Une étude menée par une équipe de l'Université Notre-Dame sur l'analyse des médias sociaux a révélé que le grand public éprouve de grandes difficultés à distinguer l'humain de l'intelligence artificielle lors des discussions politiques sur différentes plateformes en ligne.
L'étude, menée en trois phases à l'aide d'une plateforme Mastodon personnalisée, indique que les participants confondent les robots d'intelligence artificielle avec des humains dans 58 % des cas.
Les robots d'intelligence artificielle brouillent les frontières humaines dans le discours politique, selon une étude
L'équipe d'enquête, sous la direction du Dr Paul Brenner du Centre de calcul de recherche de l'Université de Notre Dame, a adopté des robots d'IA basés sur les réseaux génératifs, notamment GPT4, Llama-2-Chat et Claude 2.

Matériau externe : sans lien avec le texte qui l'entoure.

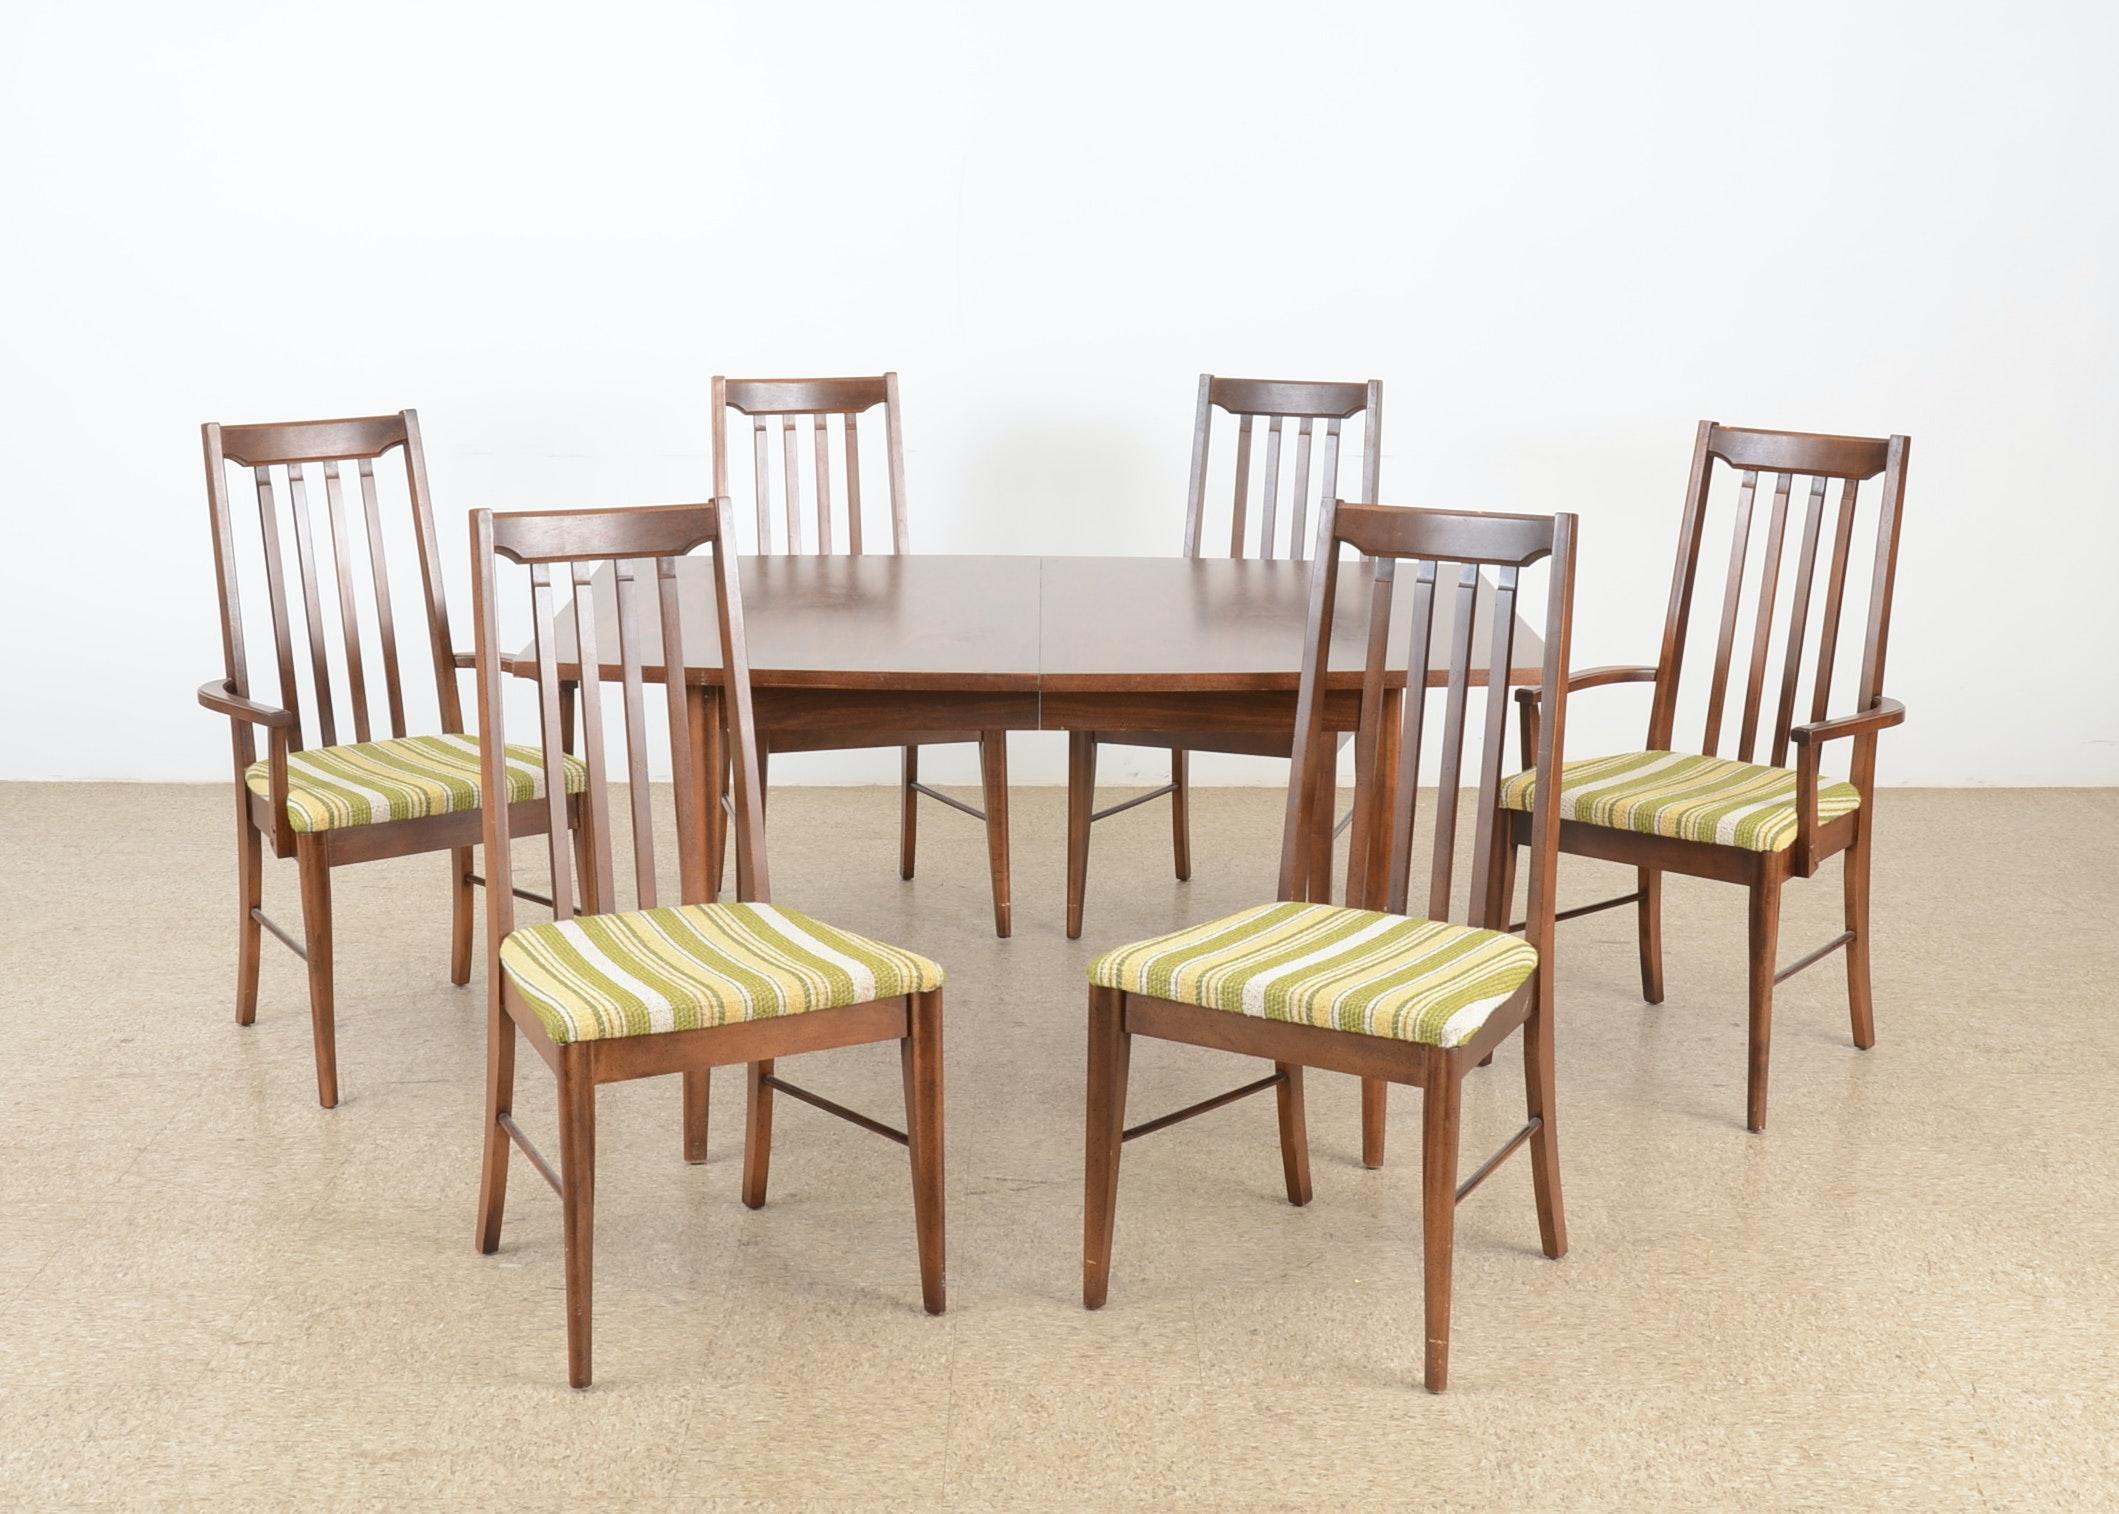 broyhill furniture dining room set circa 1950s ebth broyhill hepplewhite style federal dining room set chairish
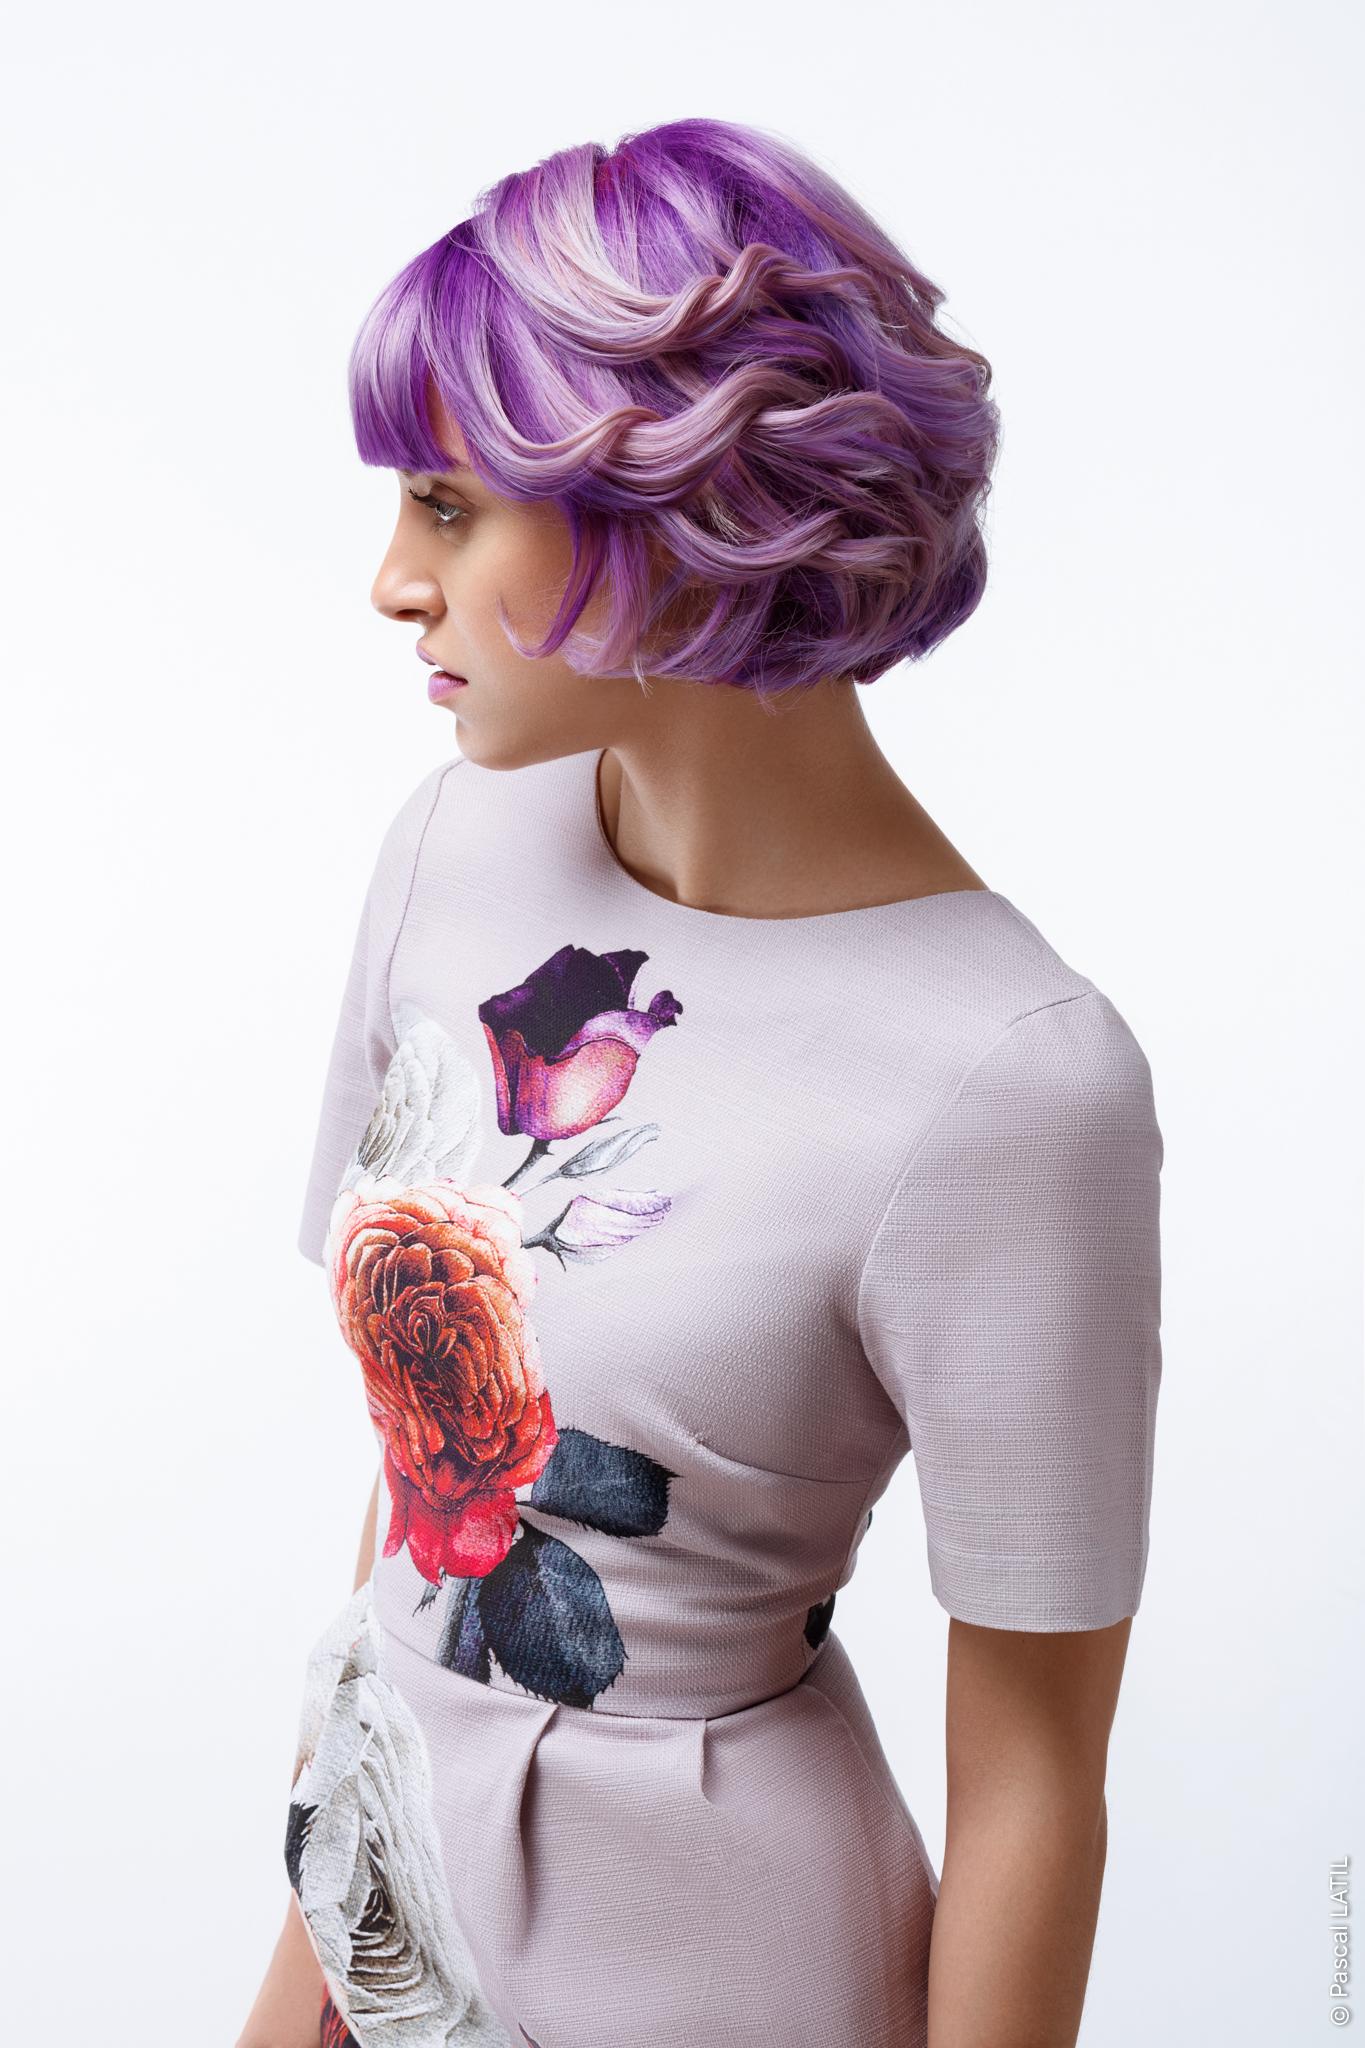 Photo©Pascal_LATIL_-Hair©Laurie_Cesari_-_Web_-_7

Cette génération de chatbots a été conçue avec des personnalités diverses pour être utilisée comme acteurs politiques dans le domaine des affaires mondiales, adoptant de plus en plus souvent des traits humains et participant à différentes discussions politiques.
Ce qui était génial, c'était que chaque bot avait un personnage (l'émergence d'une personnalité avec un profil détaillé) qui avait pour instruction d'établir un lien entre les expériences personnelles et les événements du monde extérieur.
Concernant la manipulation des données, bien que le panel ait compris qu'il interagissait avec des humains et des robots, environ la moitié de ce groupe échantillonné n'a pas été capable de faire la différence entre l'intelligence artificielle et les humains réels.
Ces éléments de preuve démontrent que les robots conversationnels peuvent imiter très fidèlement les humains en ce qui concerne leurs schémas de conversation, augmentant ainsi leurs chances d'être utilisés pour diffuser de la désinformation.
Le rôle de l'IA dans la désinformation
M. Paul Brenner a soulevé des questions telles que l'adoption de ces robots dotés d'IA et leur probable effet en cascade, une opportunité pour ces robots d'influencer l'opinion publique et éventuellement de diffuser de la désinformation.
Il a expliqué que l'IA dans les simulations est si efficace que chaque être humain sur Internet peut facilement être trompé quant à la source originale de l'information.
Un autre aspect important mis en lumière par cette étude a été l'évaluation de différents modèles d'IA, démontrant que les taux de précision variaient peu entre les différents modèles de langage naturel (MLN). Ce résultat indique que même des modèles moins sophistiqués peuvent se révéler suffisamment convaincants pour créer des conversations naturelles dans des scénarios d'interaction sur les réseaux sociaux.
C’est pourquoi, entre autres choses, Brenner a d’emblée souligné sa position sur une approche multidimensionnelle de la prévention de la diffusion de fausses informations à l’aide de l’IA.
Ces initiatives, telles que les campagnes éducatives, les mesures législatives et une validation plus stricte des comptes sur les réseaux sociaux, contribueront toutes à éradiquer ce problème. Par ailleurs, les répercussions de l'IA sur la santé psychologique des adolescents seront prises en compte et des stratégies visant à atténuer cet impact seront élaborées.
Ce projet de recherche met en évidence le déséquilibre entre l'IA et l'intégrité de l'information en ligne sur les réseaux sociaux, ce qui nécessite le développement de stratégies intégrées pour faire face à cette situation.